The hotel I’d been staying in had been a little out of town, before I reached Cormons, so it was only today that I actually saw what the place looked like, although the church tower, as in most places, had been prominent. Of course, what shortened yesterday’s walk added to today’s one and partly accounted for the greater distance I actually walked compared to the published distance for this stage of the hike.

Soon after leaving Cormons a short steep path led up and into some woodland. The next hour or so was mainly on shaded woodland tracks, although I knew from what I’d read this wouldn’t last. Before long I was back amongst the vineyards again. This time, though, there were some little breaks, and even the weather briefly eased when the sun popped behind a cloud and a bit of breeze arrived.

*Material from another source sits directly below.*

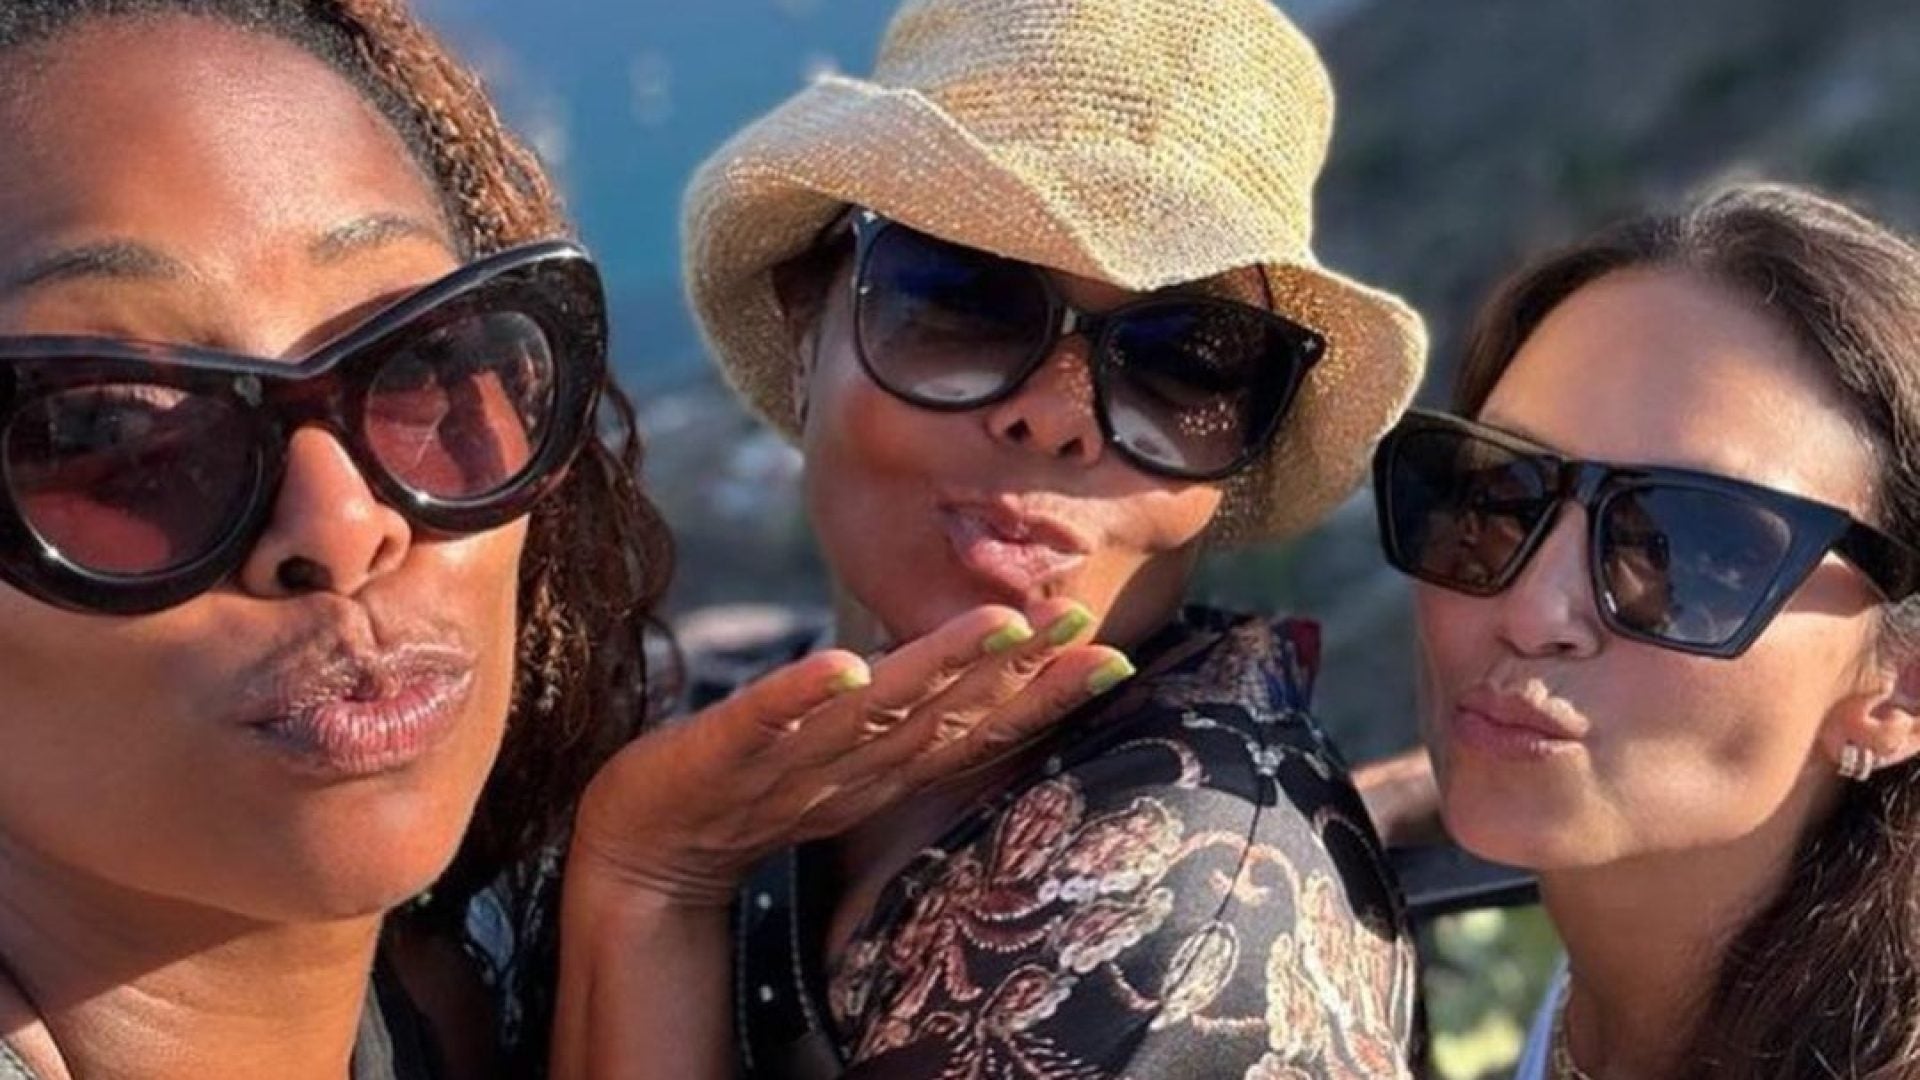 It’s A Girls Trip! Janet Jackson And Tasha Smith Live It Up In Italy

A woodland walk- very familiar by now, but very welcome in the heat

It wasn’t to last though and soon the sun was beating down again. When I think that last week I was doing some long ascents and descents in this sort of heat, 33 or 34 C, it’s a relief to know that the rest of the hike, and especially today’s stage, were going to be really quite flat by comparison. Even a little ascent, when temperatures are in the 30s, brings up a sweat and it isn’t long before you become really dehydrated. Today it was manageable.

Emerging from the wood back into the vineyards

For the first time in a while, I passed a lake. Unlike many of the dry rivers I had seen lately, it looked reasonably full. Unfortunately the lake was largely sealed off behind fences, bushes and ‘private’ notices and it looked like it was reserved for club fishing. I had only occasional glimpses of it through gaps in the trees – a bit of a shame I felt.

A glimpse of the lake that was reserved for fishing

Then It was back on the road and I passed through a sprawling town, San Lorenzo Isontino, which, on its outskirts, had another big cemetery.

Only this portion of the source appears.